The Church Militant




AS I passed the Vicarage, I thought that it looked a likely place. I walked on a few yards, and then it seemed to me a pity not to see if the place was as good as it looked. So I went back and asked at the back door if they could give me a job of work.

The kitchen-maid said there was no work for me, and she was not inclined to talk. But she fetched me some bread and cheese, and I had a chance to look round. I marked the scullery window; it was out of sight of the road, fastened with the usual simple catch, with no bars or shutters. A regular invitation—a window like that is. It seemed to me a one-man job, and just as good that night as any other night.

So that night, by half-past ten, I was in the shrubbery of the Vicarage garden, smoking my pipe and watching the house. There was only one light; it was in the study windows downstairs. At eleven o'clock that light went out and another appeared in the upstairs window. "That's all right," I said to myself. "Parson's finished writing his sermon and gone up to bed." When the whole house was dark, I went round it once or twice, just to see how things lay.
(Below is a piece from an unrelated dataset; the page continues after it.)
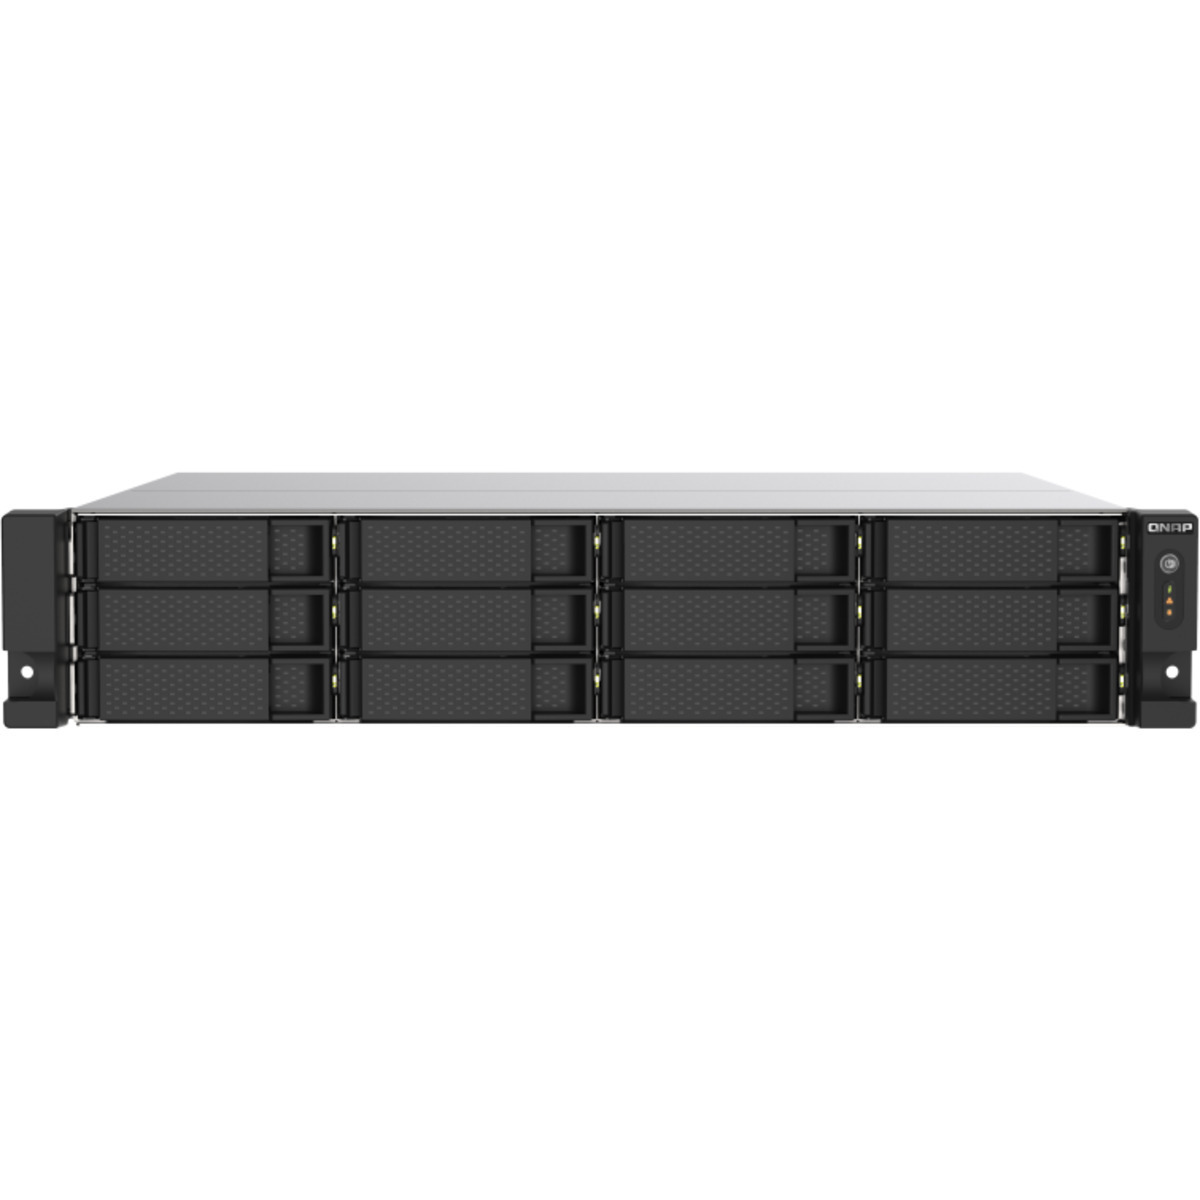 QNAP TS-1273AU-RP 11tb 12-Bay RackMount Multimedia / Power User / Business NAS - Network Attached Storage Device 11x1tb Crucial MX500 CT1000MX500SSD1 2.5 560/510MB/s SATA 6Gb/s SSD CONSUMER Class Drives Installed - Burn-In Tested - FREE RAM UPGRADE TS-1273AU-RP
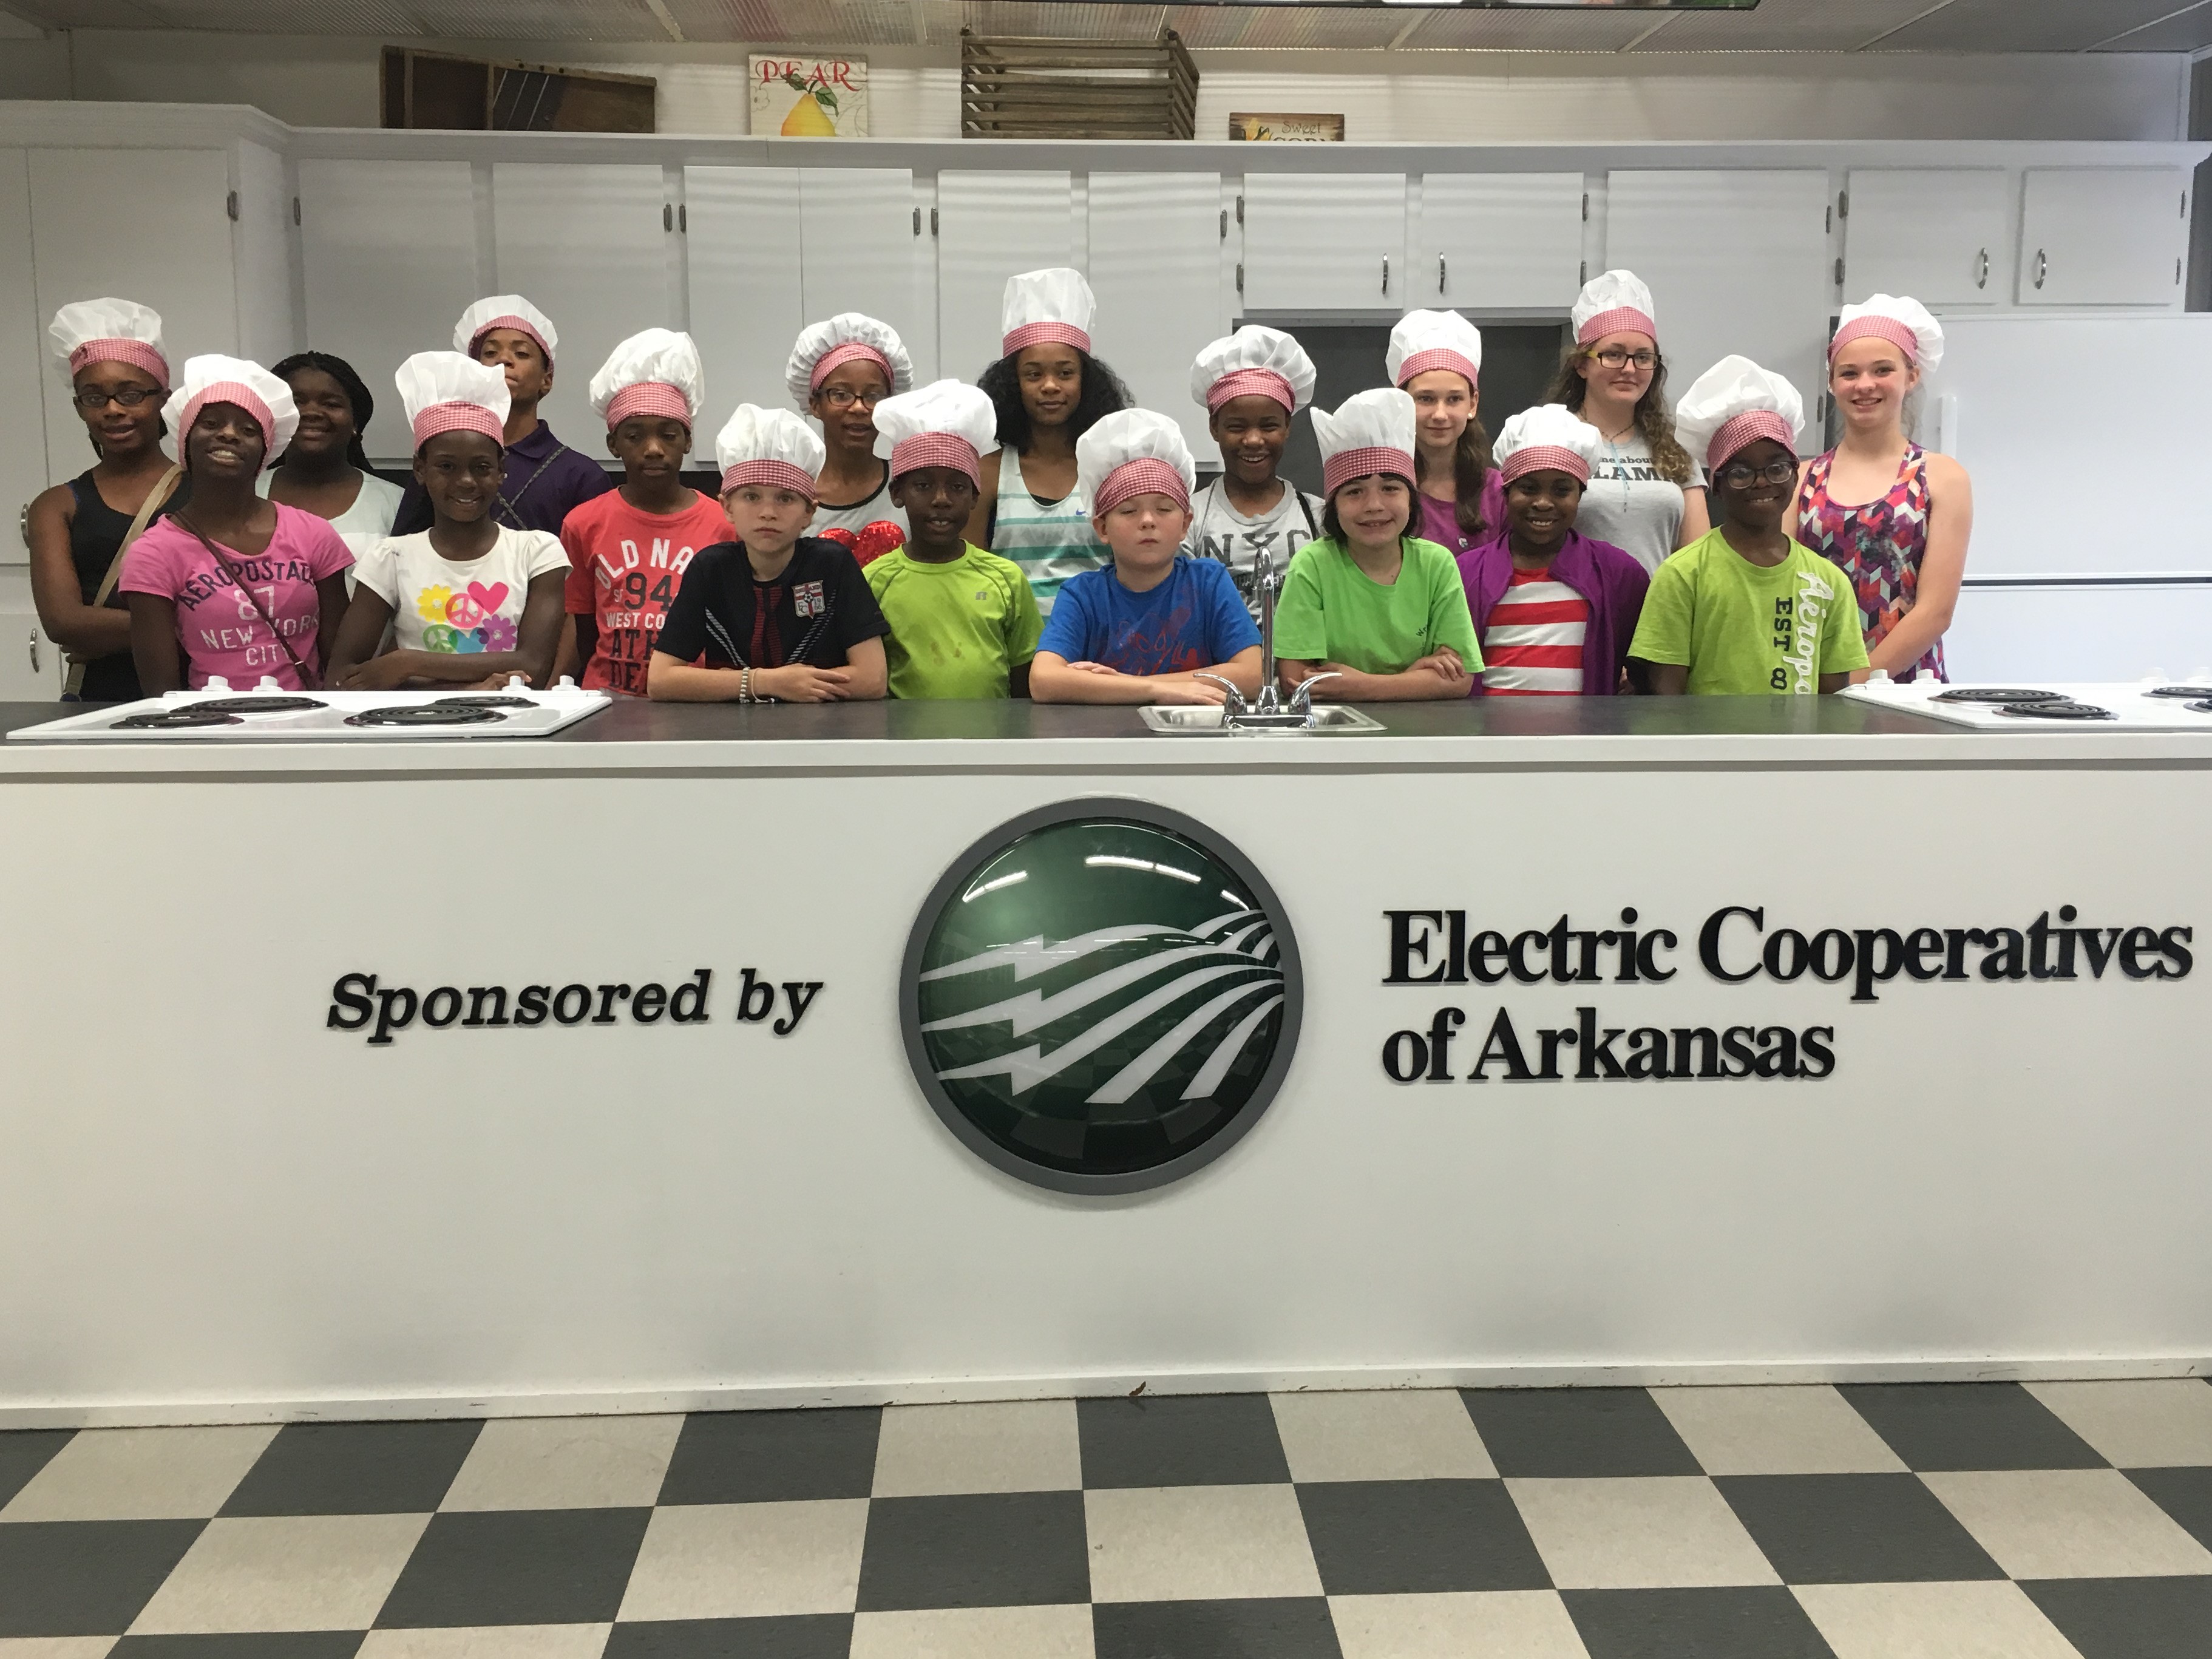 Several 4H members posing for a picture behind a demonstration kitchen during a cooking class.

I couldn't find anything better than the scullery window, but that was quite good enough. I was impatient to begin, but I did not consider it safe to start work until half-past twelve. The window gave me more trouble than I had expected; the catch was very stiff, and I had nothing but my pocket-knife to force it back with. However, I got it back at last and opened the window very slowly, an inch at a time, making no noise. Then I got in.

I no sooner got my feet down on the scullery floor than I was knocked headlong, and found a thirteen-stone weight on my chest. I asked it, speaking under difficulties, to get off again. I was a bit dazed, for I had come down hard and bumped my head, but I saw the only thing to do was to sham drunk, and I spoke thickly. I undid one end of my collar, pulled my hair over my forehead, hung my lower lip, and put on a bleary stare. By the time that man had got off my chest, struck a match on the heel of his boot, and lit the candle behind him, I looked a complete drunk if ever any man did.

I could see now that the man who had knocked me over was the Rev. William Lake himself. And the more I looked at him, the more I felt sorry that I had ever come.

"Well," he said, "you dirty little ginger-headed two-penny-half-penny scoundrel, what are you doing here?"

I hiccoughed and answered, "Thor thish was my housh—nummer twenny Willetsh Terrish. Ain't thish ri'?"

"That won't do," he said; "I heard you round the house an hour ago—or I shouldn't have been here waiting for you. Besides, drunken men don't open windows that way. You're not drank. Drop it."

I thought about it for a moment, and saw that there was a good deal in what he said. So I dropped it. I fastened my collar again, sat up, and pulled off my cap.

"Very well," I said, "then what's the move now?"

I suppose he saw my hand slipping round, for he said quickly, "Have you any weapons?"

"Bless you, no! I only——"

Before I could finish he was sitting on me again. I tried a smash at him, but he caught my wrist and nigh broke it. After that I didn't try again. It wasn't only that he was bigger, heavier, and stronger than most men; he was quick as light, and you could never tell from his eye what he was going to do next. He went all over me carefully, and took my knife, and the shooter, and my jemmy. Then I saw that the game was up.

"What a silly little liar you are!" he said.

As I have said, I saw that it was all up, and I couldn't make it any worse. I was a good deal disappointed, and I bad been roughly handled, and altogether I was not in the sweetest temper. So I spoke out. I said that I did not want any (adjective omitted) preaching from a (substantive omitted) like himself. All I asked was what his (adjective omitted) move was.

"If you swear any more," he said, "I shall be compelled to cause you considerable physical pain."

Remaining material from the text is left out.